On my D-Day, my first thought was
“Hey, maybe I’m not crazy after all.”

I’d had two years of odd rashes on my face, legs and arms. My fingernails warped and rippled. I was always tired. My joints felt like balls of fire. My ribs and heart were sore. I was depressed yet caring for a 7-month-old son while pregnant with my daughter. When my physician called me at home one evening with the results of my most recent round of blood tests and told me that I definitely had systemic lupus erythematosus, I was almost delighted. Finally, a name! Finally, a reason! Finally, a treatment plan!

Albumarium_Woman's-hands_Web

Photo credit: Albumarium/Chiara Cremaschi

The odd euphoria of D-Day ebbed quite a bit when I realized that remission was not around the corner and that the coming years would require that I change my expectations about certain facets of my life that I thought were part and parcel of who I am. Or was. Or will be.

Still, if I were to place SLE in one hand and my old self in the other, I would hold on to the Me with SLE. I used to let little things get to me but having this disease has forced me to see life from a different perspective. I don’t get ruffled easily. I avoid drama. I appreciate more. Sure, I miss out on some things due to pain, fatigue or my sensitivity to sunlight, but what I do have I hold more closely to my heart than I think I would have pre-SLE.

Empress is moving from the shock of D-Day through the grief of losing a part of yourself without really knowing what the part will be.
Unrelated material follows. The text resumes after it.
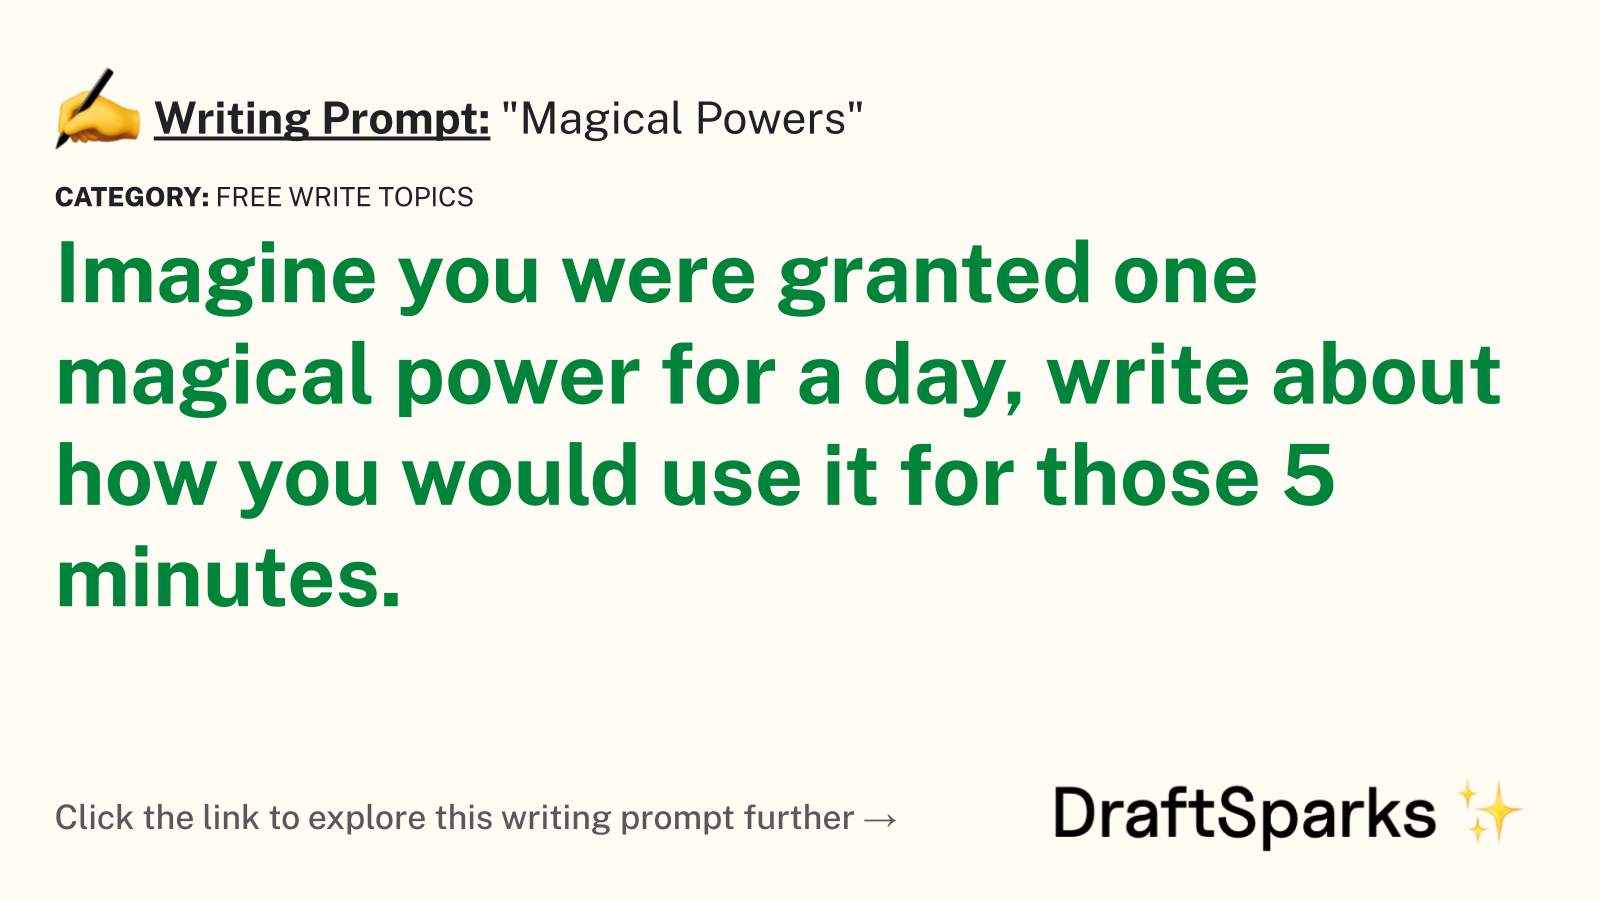 “Magical Powers”

Yes, there’s a reason for today’s blinding pain and the mental fogginess. The question really is all about tomorrow and the days after that.

Of course, no one knows from one day to the next what will be gained or lost. I would argue that for the most part, most people can live with the belief that tomorrow will be much like today in terms of physical and mental capacity.

For the person with a “Diagnosis” it’s virtually a certainty that each day will be uncertain. Sometimes, I see myself as an adventurer going into each day and night with hope and curiosity. Other times I’m grumpy and tired. We all build our own way of adjusting. I don’t know what the Empress will build for herself as an outcome of D-Day, but I’m hoping it will be a crystalline outgrowth: reflective, illuminating and precious.